04-01-2008 - Novos medicamentos, o longo caminho até o paciente

Antes de chegar até o paciente, um novo medicamento deve percorrer um longo caminho de estudos, testes e aprovações. Este processo, necessário para demonstrar a segurança e eficácia,é regulamentado por autoridades governamentais no mundo todo. O roteiro prevê estudos em laboratório, seguidos de modelos em animais antes de introduzir o medicamento em seres humanos.Depois são feitos estudos em grupos crescentes de pacientes, identificando em primeiro lugar sua segurança, seguido da avaliação das doses adequadas.

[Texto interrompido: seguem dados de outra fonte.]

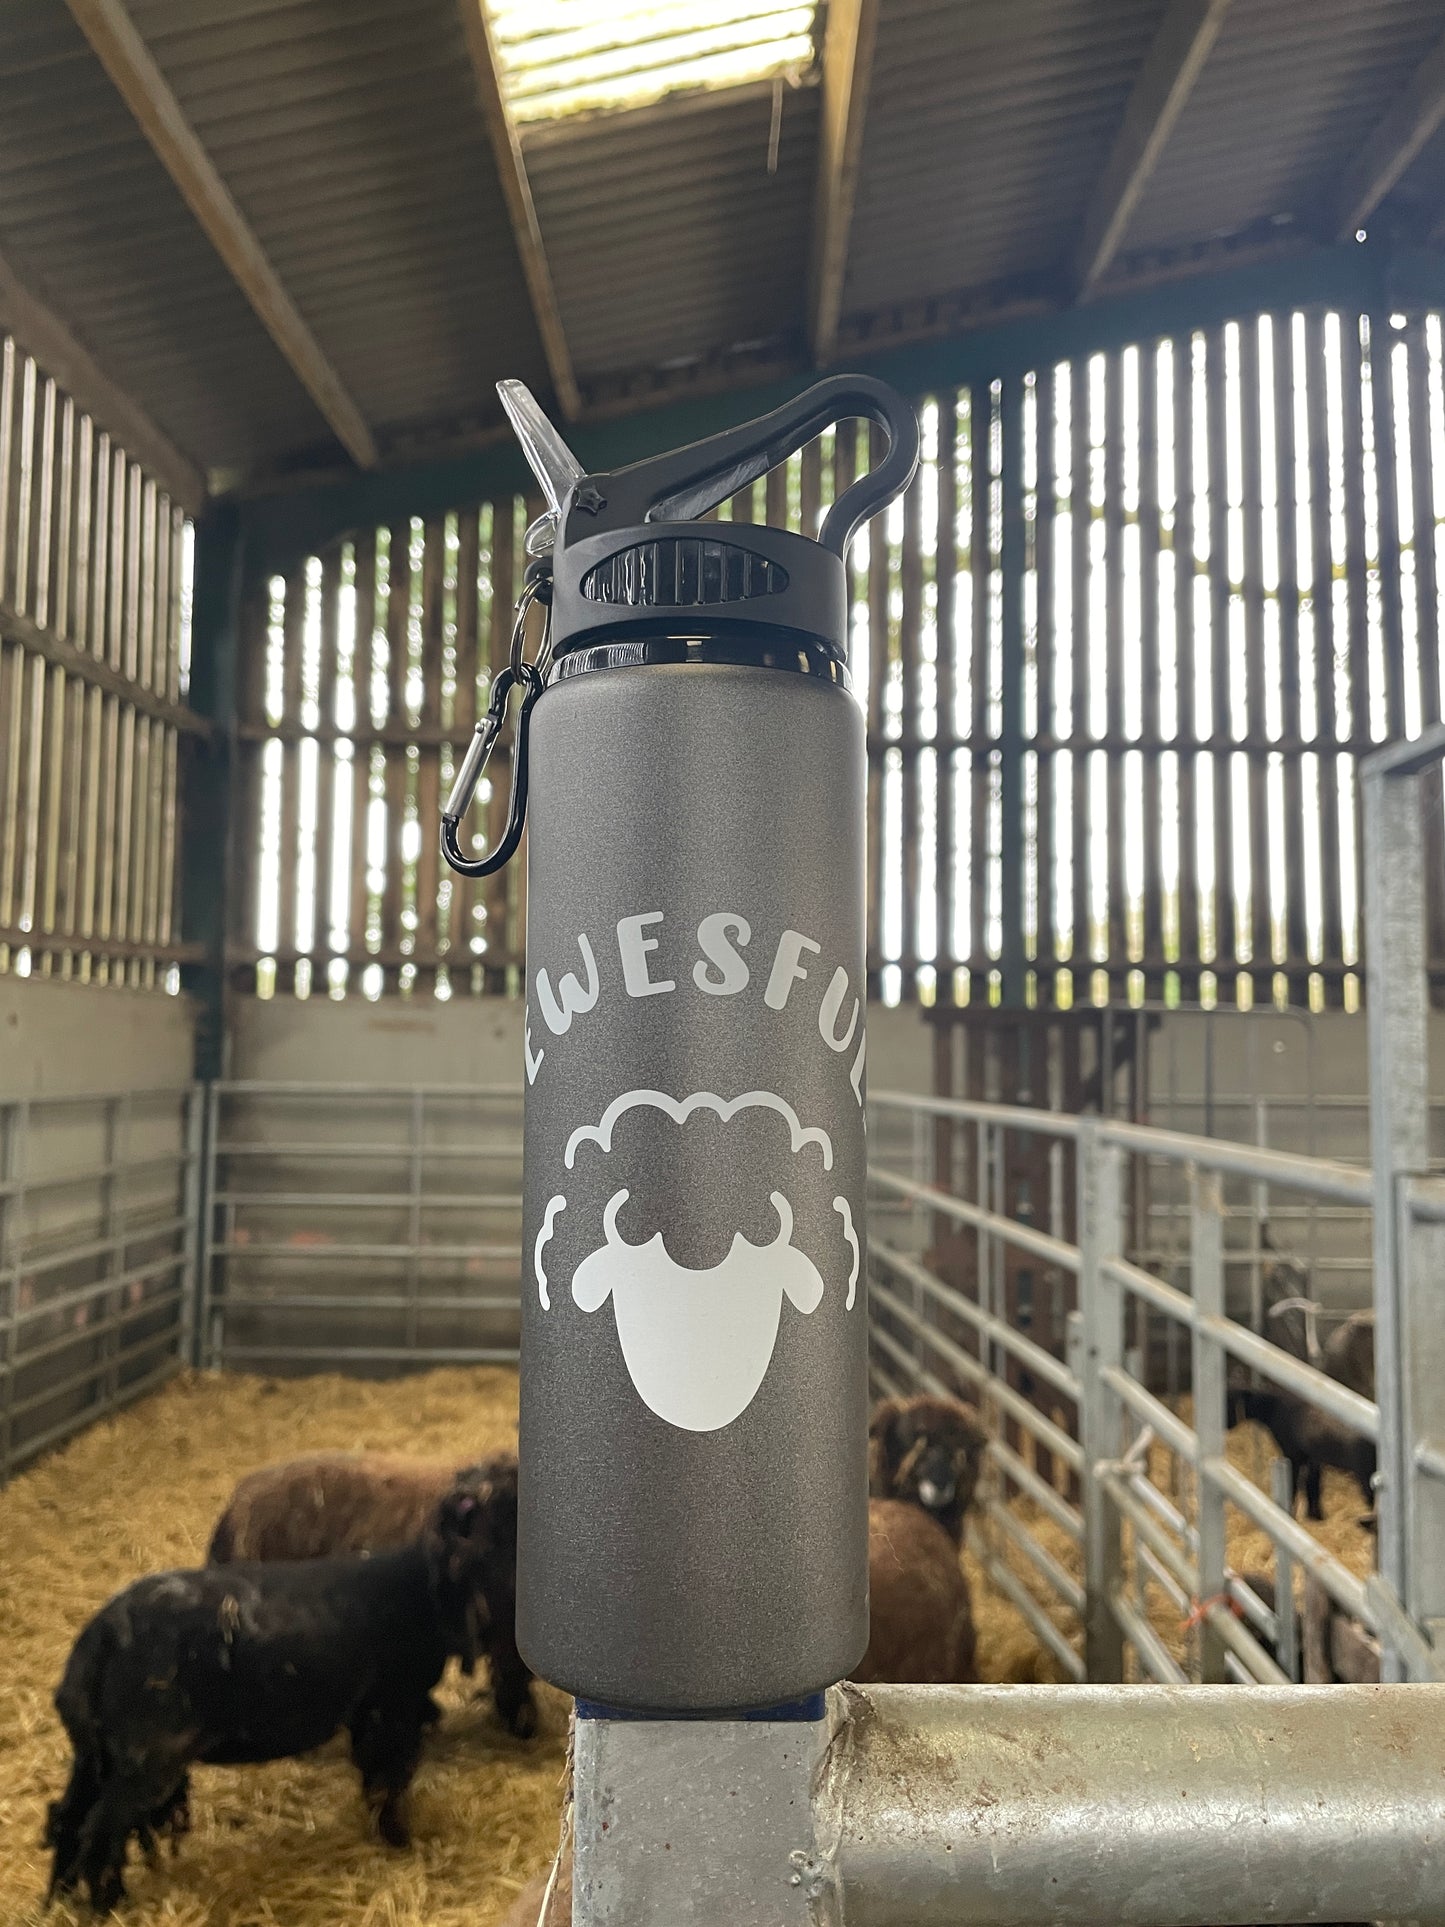 Sheep Logo 800ml Water Bottle (Gun Metal Grey)
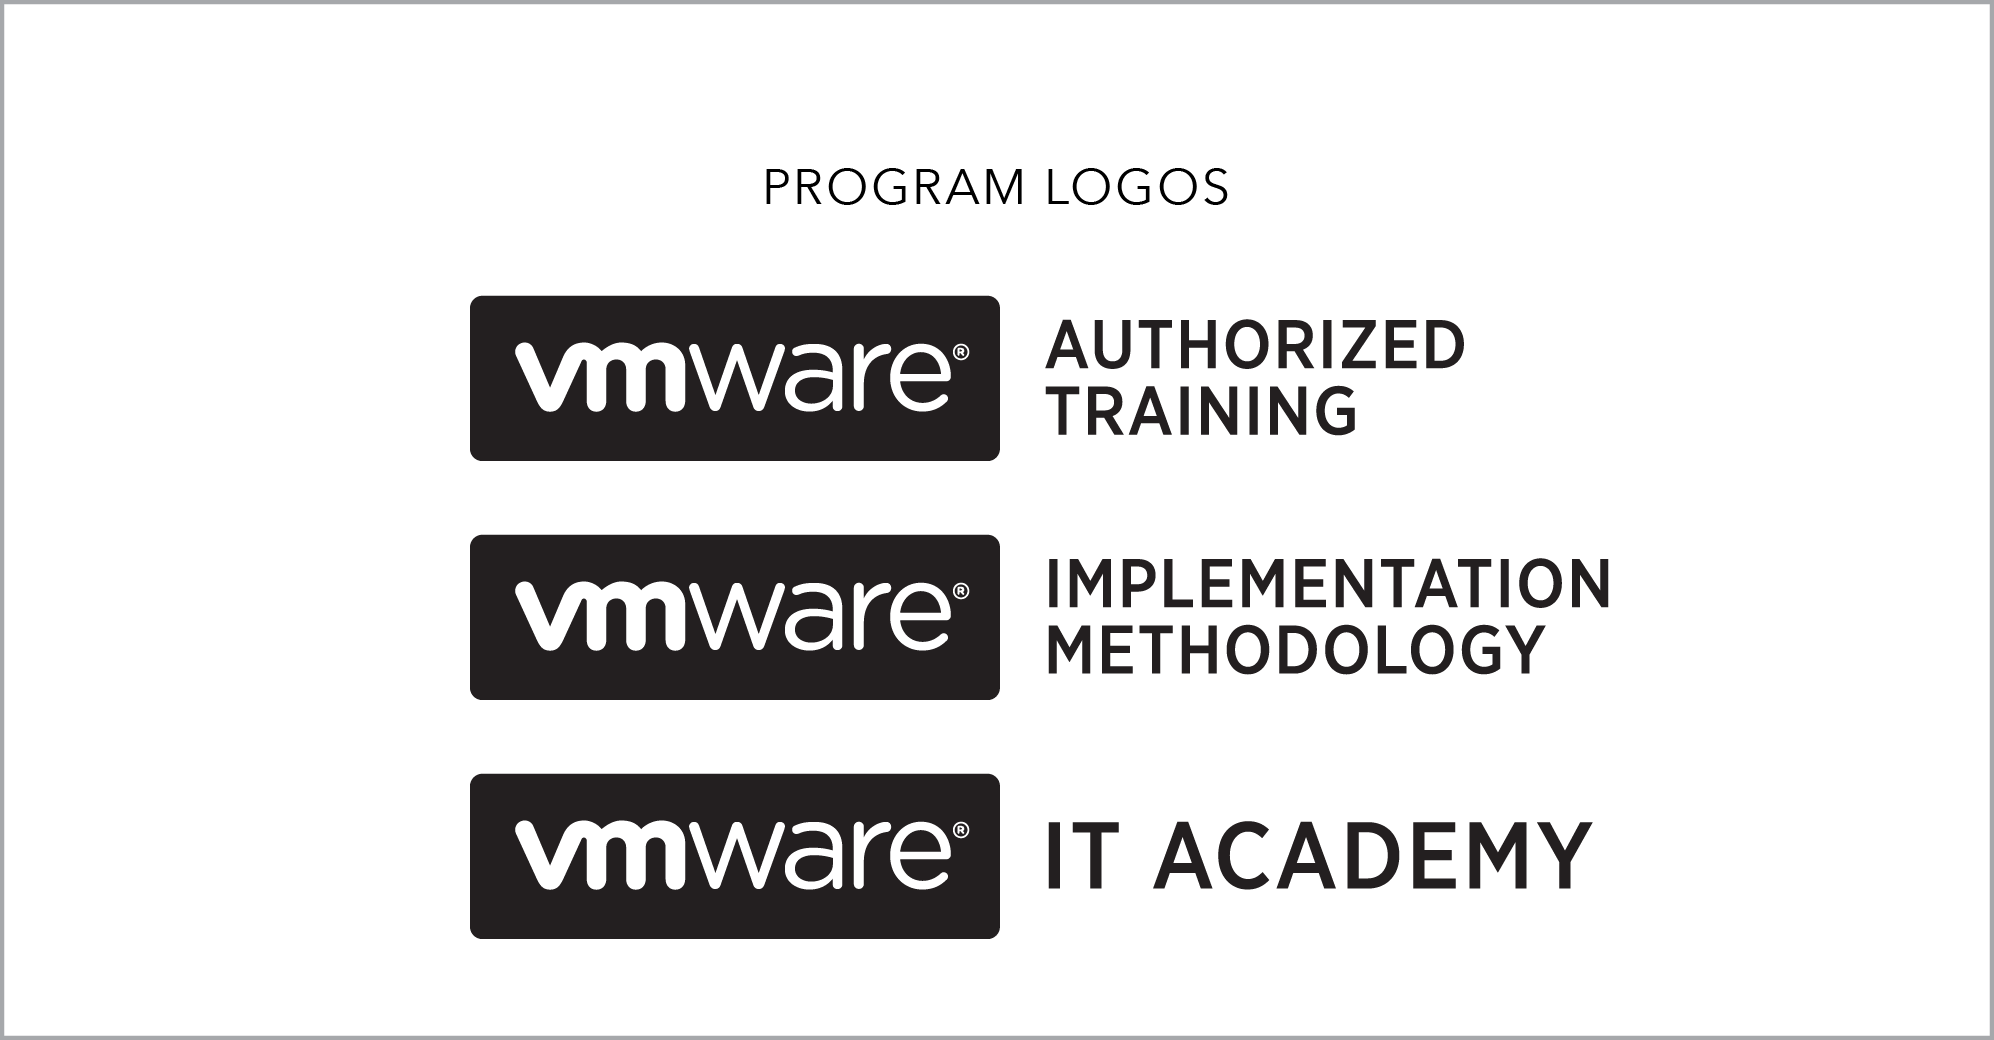 VMW-Logos-programlogos.png

Todos estes estudos passam por aprovação prévia de autoridades e comitês de ética independentes, que avaliam questões como maus tratos a animais e o acesso de pacientes a tratamentos já comprovados. Tudo isso leva, em média, doze anos, sendo que as etapas de experimentação em seres humanos consomem dezenas de milhões de reais por medicamento, devido às necessárias precauções. Medicamentos genéricos passam por um "atalho". Acredita-se que, se um remédio tem o mesmo princípio ativo (responsável pelo efeito do remédio como ácido acetil salicílico e dipirona, por exemplo) e é absorvido por um grupo de voluntários sadios em velocidade e concentração próximas à absorção do medicamento de referência, tanto o genérico quanto o de referência devem ter também a mesma eficácia e segurança.
Para isso ser verdade, é necessário que seja possível comparar o princípio ativo do produto de referência e o princípio ativo do genérico. Os produtos biológicos - que constituem a família mais recente e sofisticada de medicamentos - trouxeram um novo desafio à ciência. Estes remédios são proteínas obtidas por processos complexos que resultam em uma mistura não homogênea, mas consistente em conteúdo. Uma proteína é dezenas de vezes maior que um sal, como o ácido acetil salicílico ou a dipirona. Não há método laboratorial que permita comparar dois produtos biológicos e afirmar que suas composições sejam idênticas. Assim, não é possível usar o mesmo processo de pesquisa usado para medicamentos genéricos.O Brasil, um dos pioneiros na regulamentação de produtos biológicos, definiu um caminho de comparação entre o medicamento biológico de referência e suas cópias.
O fabricante da cópia precisa apresentar um estudo de não-inferioridade. Neste estudo, o pesquisador aplica o remédio de referência e sua cópia a grupos de pacientes comparáveis (mesma idade, sexo, peso, características genéticas) e avalia um número limitado de parâmetros. Para entender o que são parâmetros, imagine, por exemplo, que a cópia de um remédio biológico para pressão alta tenha o mesmo efeito em reduzir a pressão, sem aumentar a incidência de dor de cabeça. Para a indústria dos similares e genéricos este tipo de estudo traz muitas vantagens em custo, mas, em termos de saúde pública, traz alguns riscos.
Estudos de não-inferioridade respondem somente a uma ou duas perguntas: respondem se o produto X tem a mesma eficácia do produto Y e não é inferior em relação a um, e apenas um, de seus efeitos adversos. Como todo remédio tem muitos desses efeitos e alguns remédios têm várias indicações, o estudo de não-inferioridade não permite compará-los por completo. Por exemplo: um remédio pode ser não-inferior em relação à dor de cabeça e enjôo, mas desconhecido quanto ao risco de provocar tumores, pois para este efeito adverso seria necessário testar uma população muito maior. Portanto, estudos de não-inferioridade não respondem as perguntas de eficácia e segurança, como faz o ciclo normal de estudos realizados com medicamentos novos (estudos em animais, seguidos de estudos com voluntários sadios, que determinam dose, eficácia e segurança).Os laboratórios devem ter a responsabilidade de realizar todos os estudos necessários para lançar medicamentos seguros e confiáveis. É importante perguntar: como assegurar que um medicamento biotecnológico tenha a mesma qualidade de um remédio submetido apenas a um estudo de não-inferioridade? Quais regras devem ser estabelecidas para que os remédios tenham qualidade e possam ser colocados no mercado sem colocar em risco a saúde dos pacientes? Estas perguntas devem ser respondidas por todos os órgãos responsáveis pelos lançamentos de medicamentos genéricos, sob pena de perdermos a confiança que a população lentamente vem adquirindo nos genéricos.

kicker: Deve haver garantia de que os genéricos tenham sempre boa qualidade.